--- Dataset records ---

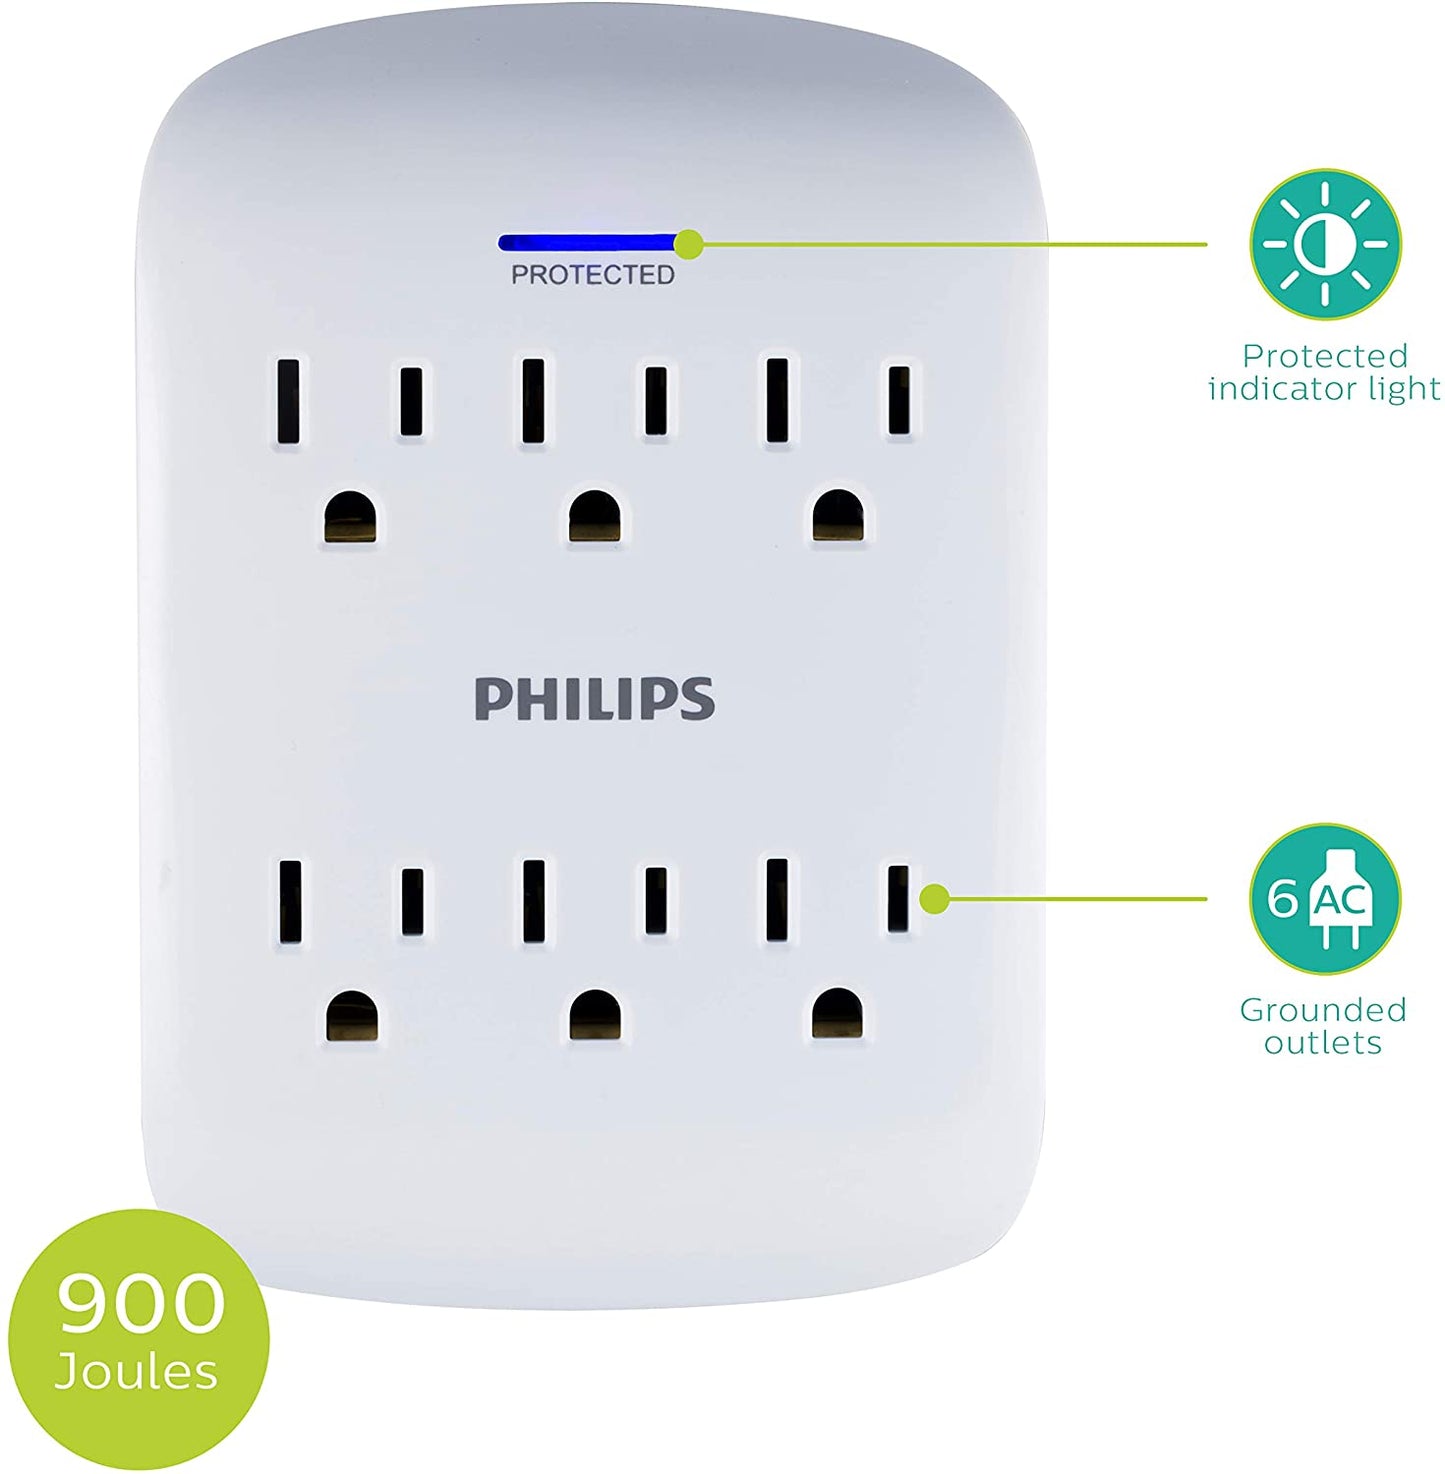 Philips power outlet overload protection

---
--- Dataset records ---

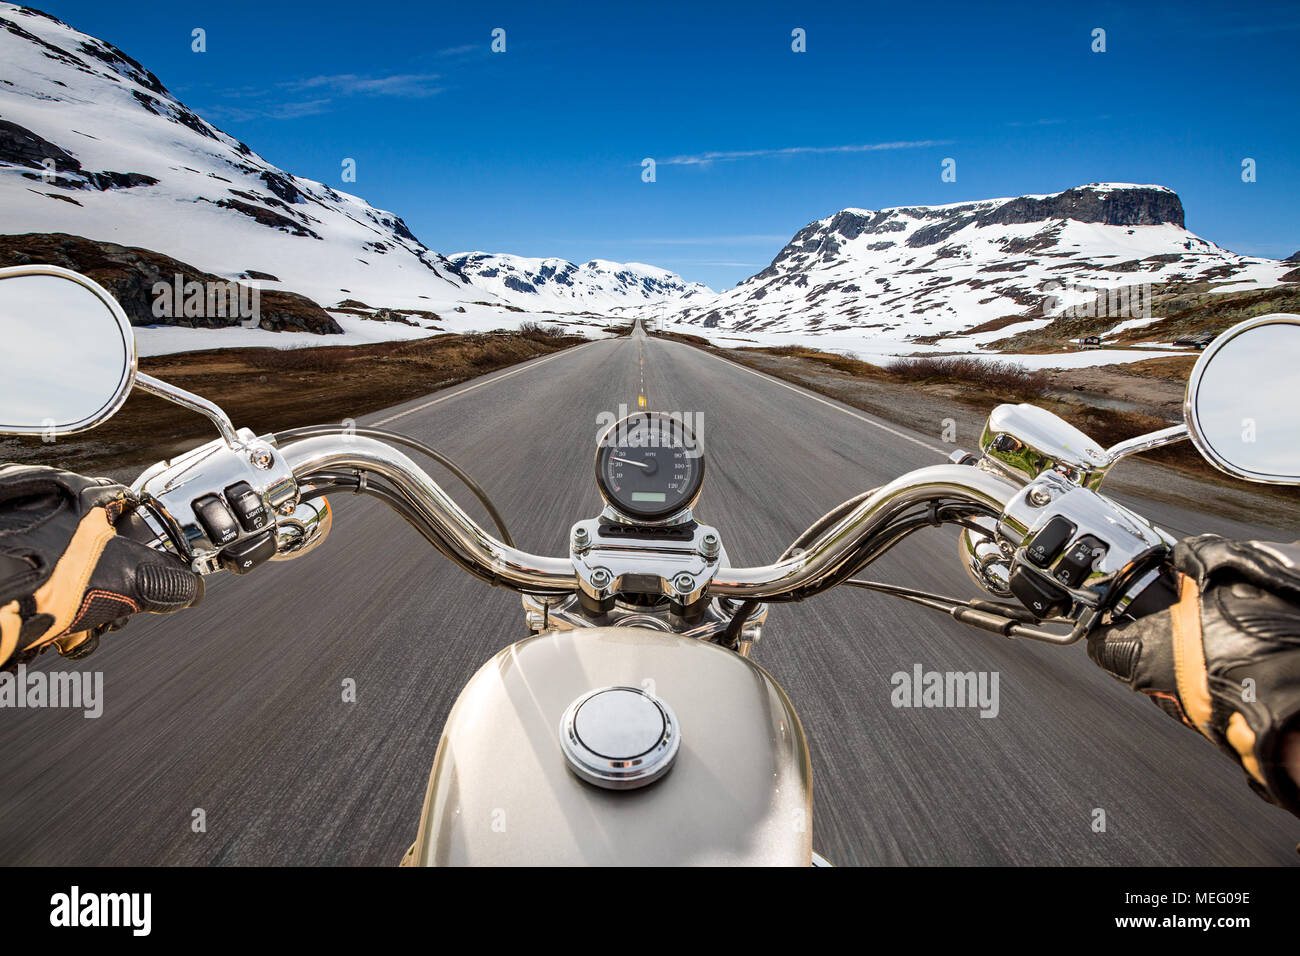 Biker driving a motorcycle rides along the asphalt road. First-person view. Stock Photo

---
--- Dataset records ---

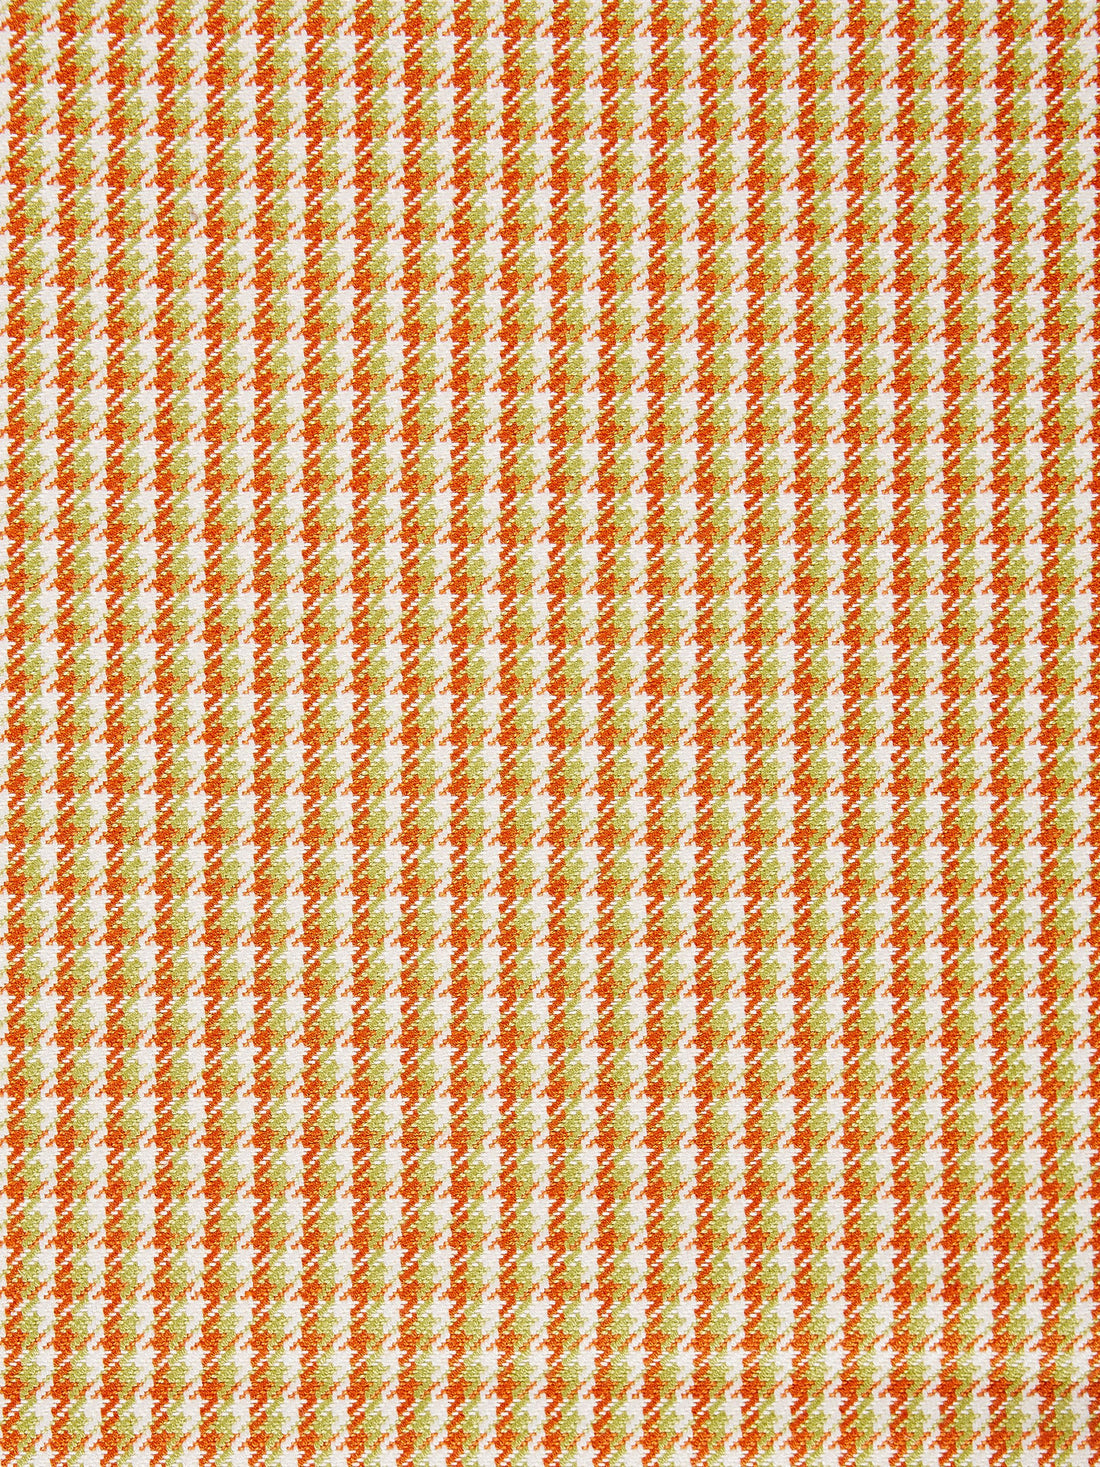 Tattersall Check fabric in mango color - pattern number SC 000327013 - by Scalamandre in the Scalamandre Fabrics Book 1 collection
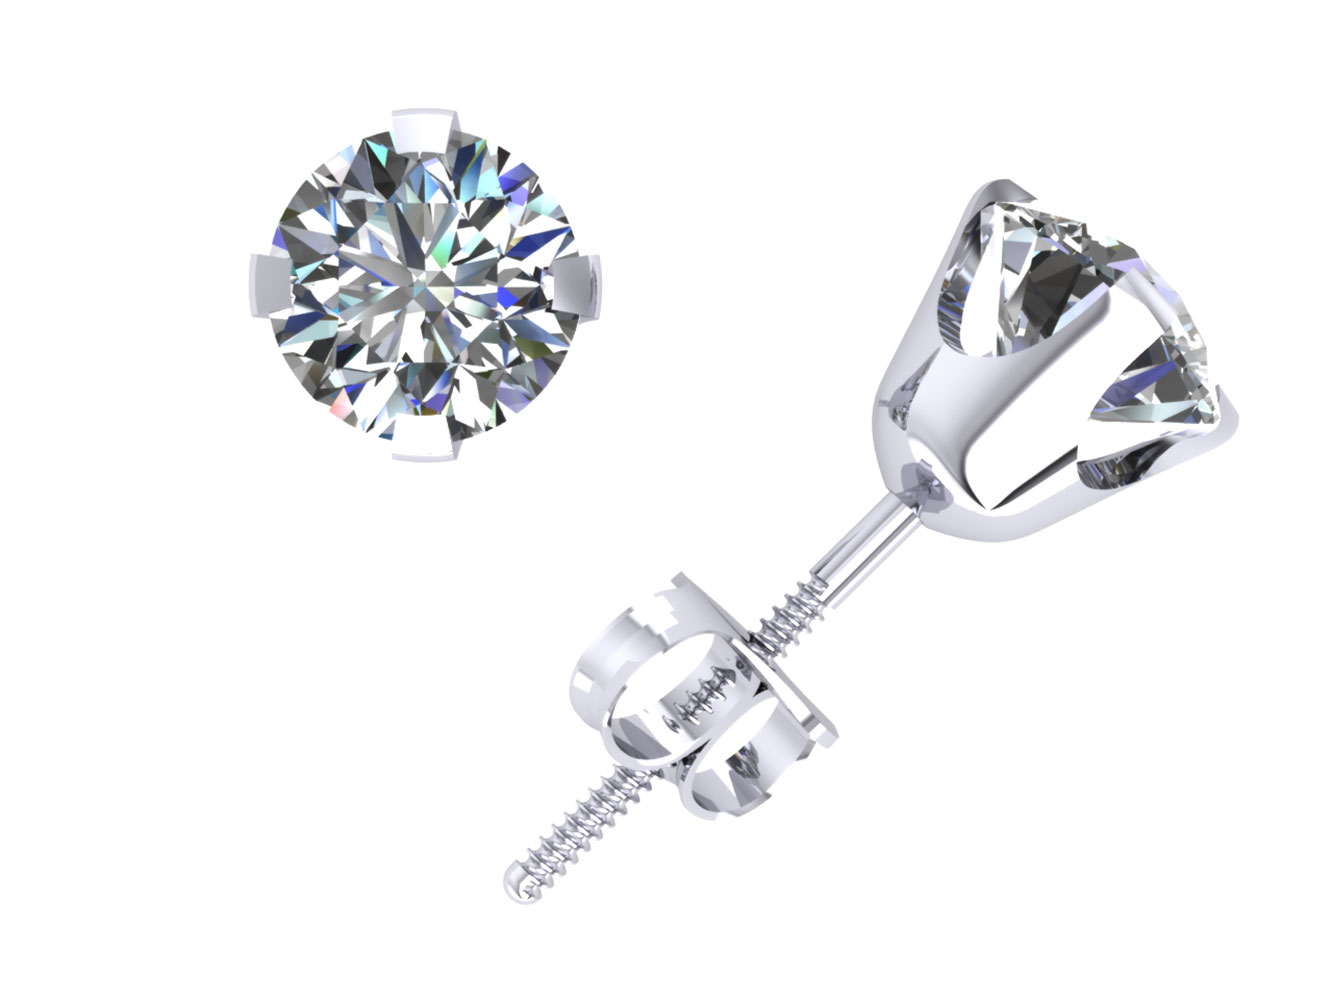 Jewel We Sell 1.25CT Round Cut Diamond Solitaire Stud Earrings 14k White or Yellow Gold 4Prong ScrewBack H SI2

---

◆ Problem statement
Going by the entries above, repeat exactly the lines that start at the line with "Tattersall Check fabric" and go on through the line with "Jewel We Sell". Pictures are not part of the copy.

◆ Response below
 Tattersall Check fabric in mango color - pattern number SC 000327013 - by Scalamandre in the Scalamandre Fabrics Book 1 collection
 Jewel We Sell 1.25CT Round Cut Diamond Solitaire Stud Earrings 14k White or Yellow Gold 4Prong ScrewBack H SI2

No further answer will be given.